24 thoughts on “Smokey Hot Beer Shrimp

  1. Siiiiiiiigh! I know exactly what you mean. I’m going to go back to trying not to constantly freak out about all of this. But it’s a little easier now.

  2. I couldn’t have said it better myself! We’re all doing 100 things at once, and frankly, it’s exhausting! Then you have to deal with the crazy commenters – that’s just so much fun, right?

    Anyway, this shrimp. Yeah, totally happening. Like tonight.

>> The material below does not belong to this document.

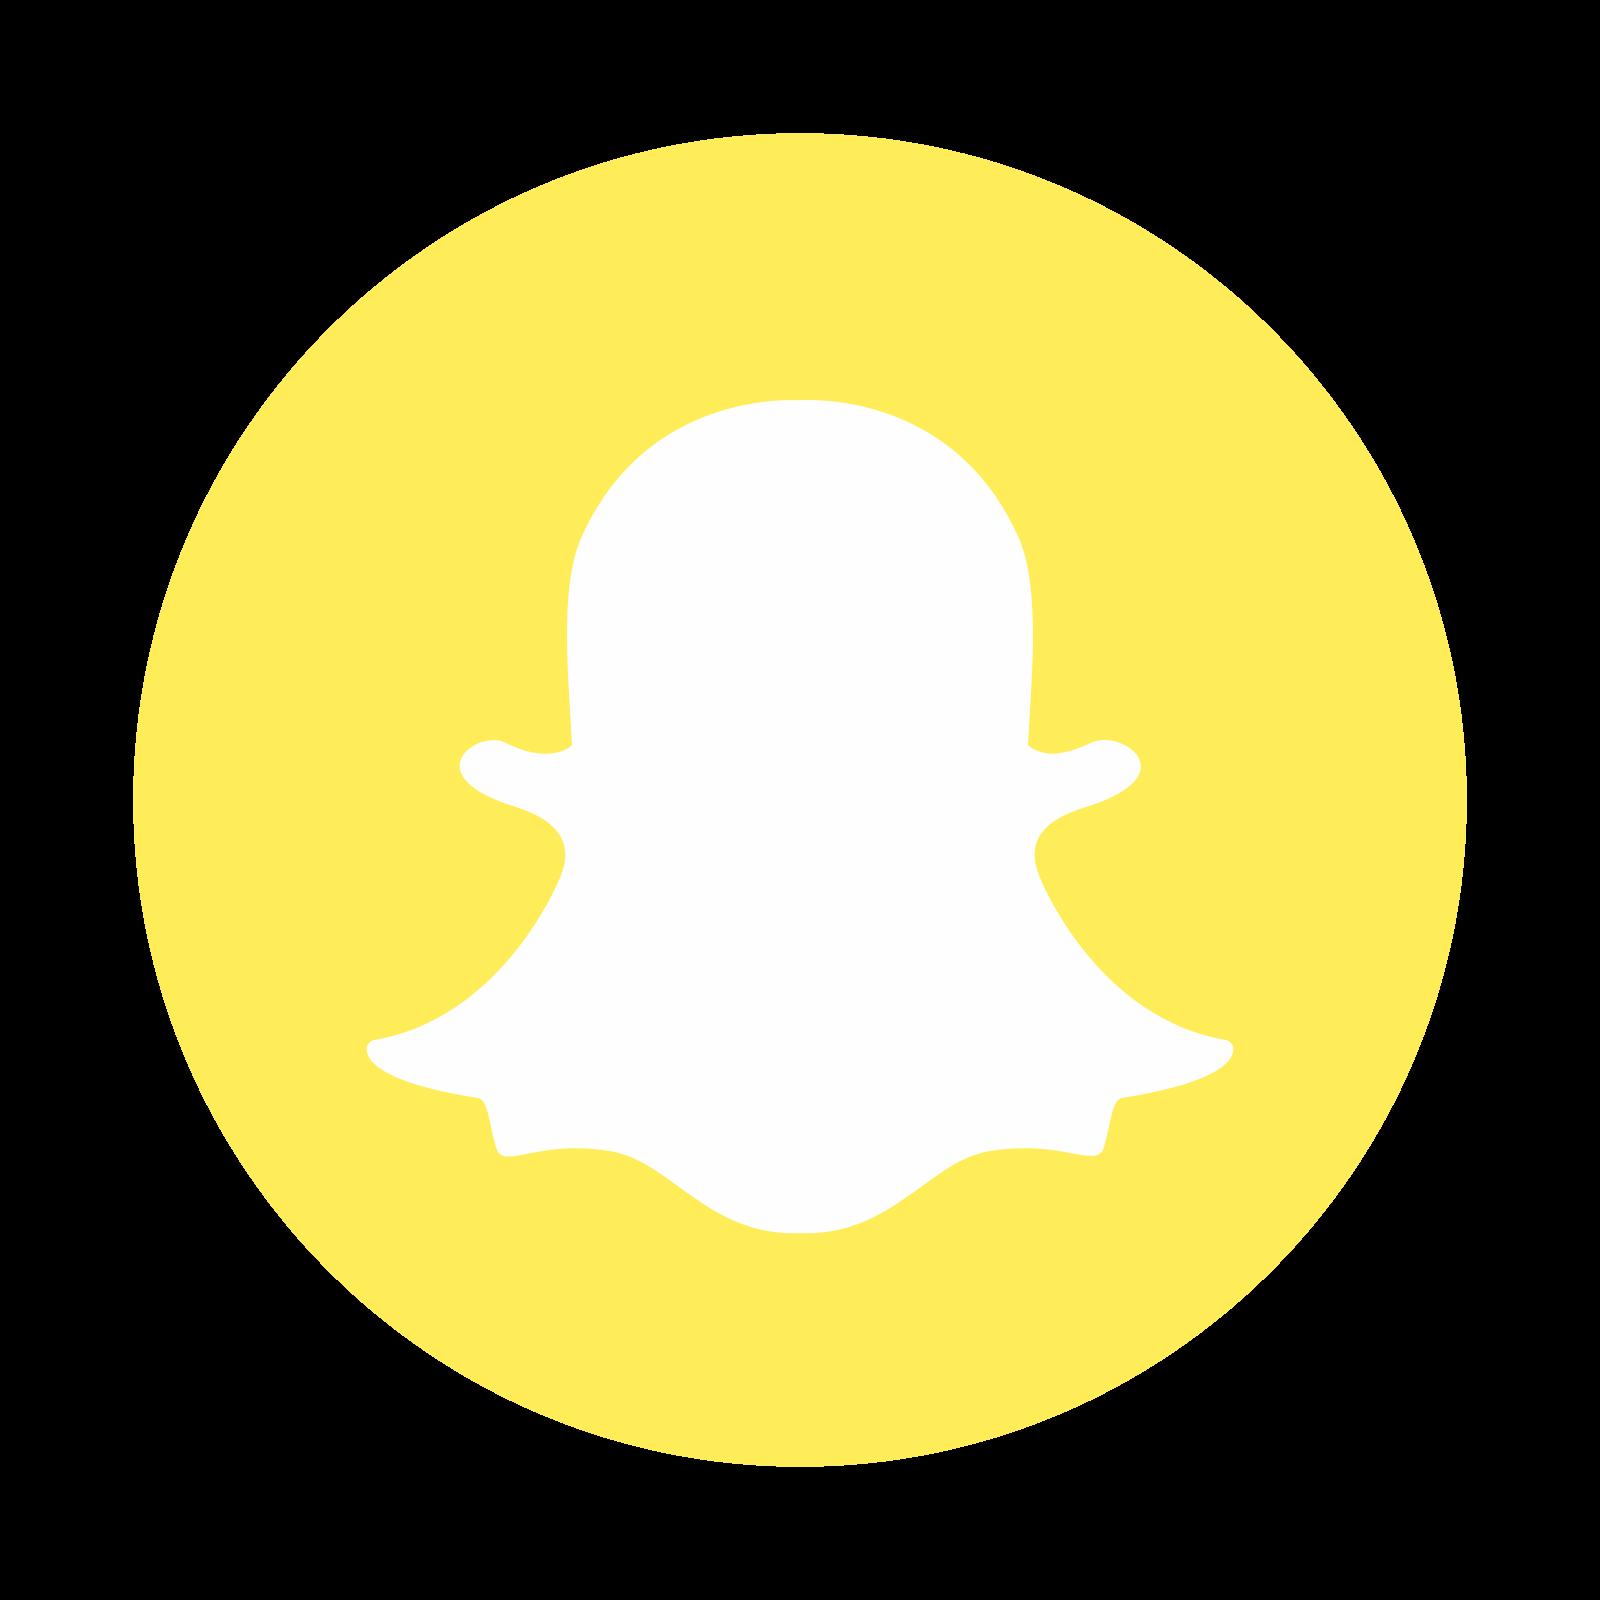 Snapchat Logo PNG, Snapchat Logo Transparent Background ...

  3. Wow, I really needed to see the work that I do spelled out like that. I’m always so appreciative when my husband calls my blog a business, because most days it feels like little more than a time-consuming hobby, and it feels good to have my work legitimized with a word like “business.” After seeing all the myriad things I do listed out like that though, I can start to believe my work is a business too. Thanks for this!

  4. You know what’s cool though..I am the CEO of my blog and the President of Toot Sweet, both run by just myself but hey, I dish out the titles so am’s a takin them 😉

  5. I did chuckle a bit; I won’t deny I see this from a perspective that is absolutely affected by my ‘main’ profession which is web development. I’ve been doing it for 18 years and only in this arena have I see so many people want to start a business, yearn for huge popularity, get noticed and yes, some yearn to get rich and yet a vast majority do not want to spend a dime in the process.

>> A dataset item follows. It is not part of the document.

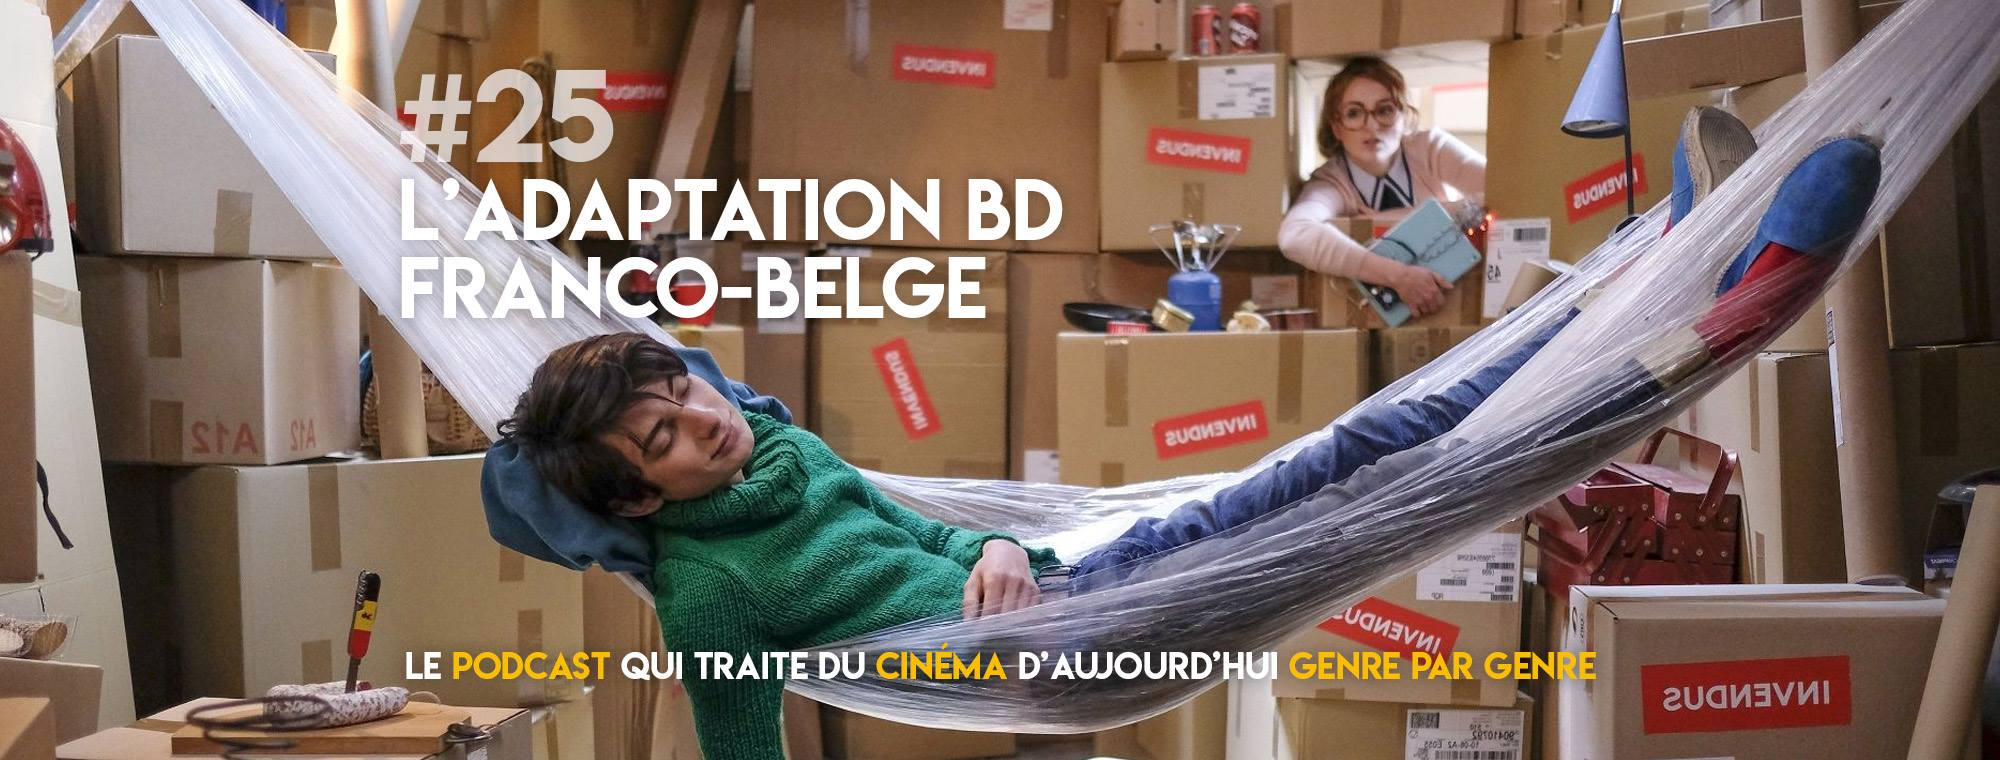 Parlons Péloches - #25 L'adaptation BD franco-belge

    If someone decides this is going to be a business; then perhaps, like any other business, some plans need to be developed for what it will take to get it up and running. What does that mean? Typically some upfront money; either their own savings or in terms of a loan.

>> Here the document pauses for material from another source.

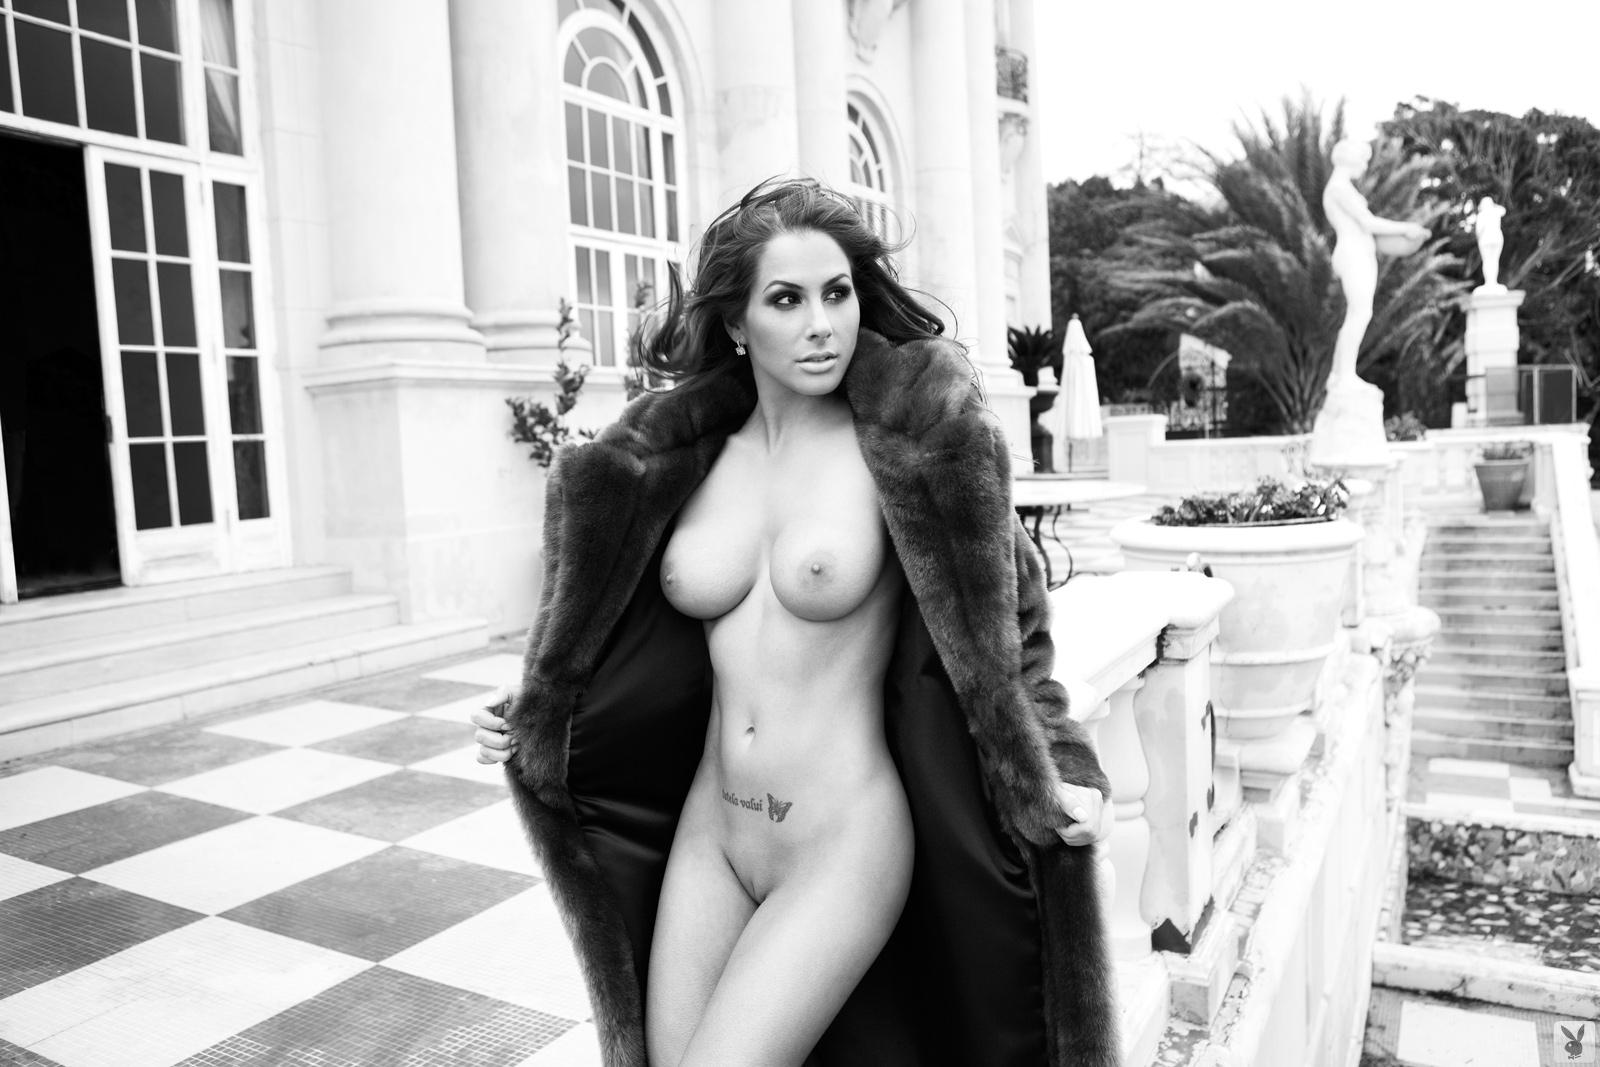 Nude pics of michelle mccool

    I think some of the more successful bloggers know that they simply can not do it all alone; that paying for some outside services is rudimentary to getting it done right. I counsel those that are serious to get serious; develop a business plan, talk to a banker and get some startup funds…that’s what millions of other small businesses do. I think we need to stop sending the message that food blogging is somehow outside this realm of thinking and that to be successful someone has to do it all; it’s unrealistic and just downright exhausting!

    1. I agree, there are some things that do inevitable need be to hired out. I do have a bit of help from time to time. But people (including myself) need to realize how difficult it all is to do well and stop being so hard on themselves for not being perfect at a million different jobs, all of which are difficult. Hire what you can, do what you can, let the rest sit on the back burner until it can be gotten to.

  6. Jackie,

    Do you add the garlic and chili flakes to the saucepan in step 1?

    Sounds like another recipe being added to the “gotta try this!” list.

    Thank you.

  7. Well said! It’s exhausting sometimes, but such a rush when it all comes together in a great post. Good feedback is icing on the cake. Looks like you’re doing a great job in all these areas. Love this post and the shrimp look delicious!

  8. The shrimp looks devine and this is a nice reminder too–especially when blogging is just a hobby for most!

  9. Excellent post! So true. Blogging is a lot of work, especially for just one person. The rewards often do make all the effort worthwhile though. The shrimp look phenomenal by the way. 🙂

  10. I really needed to read that, Jackie! I’ve gotten to the point where I just feel so busy all the time and it’s impeding on me enjoying everything. Balance is huge and I’m really looking for that.

    Thanks for sharing! And that shrimp looks amazing, of course! 😉

  11. Jackie,
    I have enjoyed about a dozen of your recipes to date, but this one is, by far, the most spectacular of them all! The smoky spicyness goes perfectly with the beer, honey, and shrimp.
    I served it over spanish rice and grilled corn for lunch and will enjoy the leftovers tonight when I get home. Total winner!!
    Thanks for sharing!

  12. Hi Jackie,

    Love the blog, can there be another beer in sub of the wheat beer? Wasn’t sure if changing the wheat beer would radically change this dish.